Evans, Norman J

Norman J. Evans, Gunner
17th SOS, Phan Rang, Tan Son Nhut, 1970-71

I joined the Air Force in Monroe, Michigan on 29 December 1955. After various assignments and training schools, I volunteered and was assigned to the 4th Air Commando Squadron, flying AC-47 Spooky gunships in Vietnam. After flying combat in “Puff”, I was assigned to the 20th Special Operations Squadron (SOS) at Hurlburt Field, flying UH-1N helicopter gunships. At Hurlburt, I volunteered for AC-119 gunships.

Reporting in June 1970 to the 17th SOS at Phan Rang AB, I was assigned to Fighting C Flight at Tan Son Nhut (TSN) AB at Saigon. While stationed at TSN, I lived at the Merlin Hotel in Saigon along with other enlisted Shadow aircrew members. The hotel was located not far from the American Gate at Tan Son Nhut. A shuttle bus transported us back and forth to the base and flight line. My buddies were my fellow gunners and other Shadow crewmembers. I always remember the outstanding people we had in our flight and squadron. All combat missions were serious business but there were times for a little humor.

While watching F-4 Phantoms deploy drag chutes after landing at TSN to slow them down during roll-out, it occurred to me that the Shadow gunship should also have a drag chute. Wheels started turning and next thing I knew, my gun compartment comrades (NOS excluded) and I had devised a drag chute from a flare parachute. Upon landing touchdown at TSN after our next mission, I threw the Shadow drag chute out the flare launcher door for deployment. To everyone’s disappointment, it was a dud! The chute collapsed and dragged along behind the speeding gunship like a rag on a string. I pulled ‘the dud’ into the aircraft as we taxied off the runway. Even the pilot had no idea that we were trying to help him slow down the hot boxcar.

Once when I was flying on a normal combat mission, firing at a target when a 7.62mm high explosive incendiary shell exploded in a minigun chamber. Shrapnel shot everywhere. I was working close to the gun and caught a small sliver in my eye. We continued the mission until Bingo Fuel and returned to base at Saigon. After landing and upon engine shutdown, I departed the aircraft and immediately headed for the base infirmary. The flight surgeon extracted the sliver of metal from my eye and applied a bandage over the eye. I returned to Shadow Ops to inform the Ops Officer that I was DNIF. WELL, the Ops Officer was not at all sympathetic nor did he honor my DNIF status. I was already scheduled for the next mission because our Flight was short on gunners at the time. Injured or not I was going on the next mission which I flew as a one-eyed gunner.

Another time we were flying a daytime armed recon mission over Cambodia when all of a sudden a jet came out of nowhere and buzzes our Shadow. From our six o’clock position, the jet shot very close to the top of our gunship. The sound and vibrations caused by the jet startled our crew. What in the hell was that? Then the warplane was identified by a knowing pilot. It was a Mig 15, a bandit! We wondered if the Mig was only warning us that we were doomed and that he would soon turn to make his kill? Everyone scanned the skies for imminent aerial attack as time slowly passed. Thankfully, the Mig did not return. We gladly headed back to Saigon and landed. A few of us changed our flight suit before going to debrief. During debriefing, we learned that the Cambodian Air Force had Mig 15 fighter aircraft. The bandit was a friendly MIG!
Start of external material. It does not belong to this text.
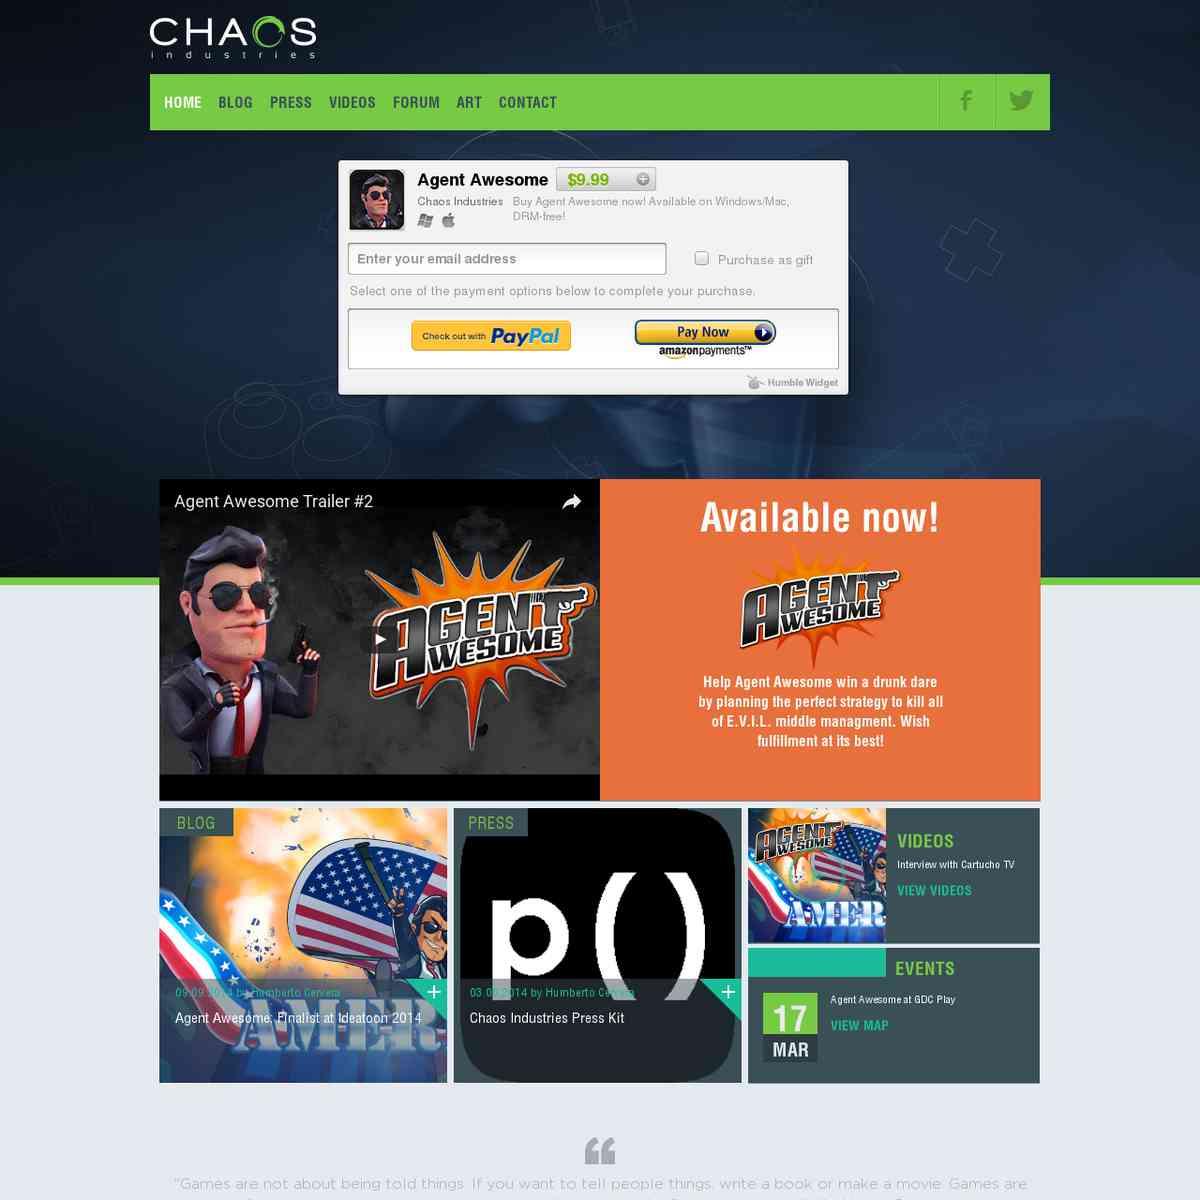 chaosindustries.com.mx

In January 1971, I was transferred from TSN to Phan Rang as SEFE gunner to train the Vietnamese in the AC-119G. I departed Vietnam in June 1971, having completed my one year tour of duty. Stateside, I was assigned to the 415th SOTS, flying the AC-119G and AC-119K. In 1972, I, along with many other gunners from the 17th SOS, was selected for “Project Credible Chase” in which one pilot and one gunner flew single-engine Helio Stallion AU-24 and Pilatus Porter AU-23 gunship aircraft. Both gunships were equipped with one three-barrel 20mm Gatling cannon. From there, I went back to AC-130s and became the first enlisted sensor operator, position normally held by a navigator. In 1975, I transferred to Korat, Thailand as an AC-130 sensor operator.

In my five tours in Southeast Asia (4 in Vietnam, 1 in Thailand), I was awarded the Command Crew Wing, the Senior Jump Wing, one Bronze Star, the DFC with four Oak Leaf Clusters, 21 Air Medals, and a Purple Heart. I retired from the United State Air Force as a Chief Master Sergeant in December 1985.

Editor’s Note: Norm, Jim Bennes, Fred Graves and Bill Petrie planned our first ever AC-119 reunion in 2000. They are known as the Founding Fathers of our AC-119 Gunship Association. We thank them all.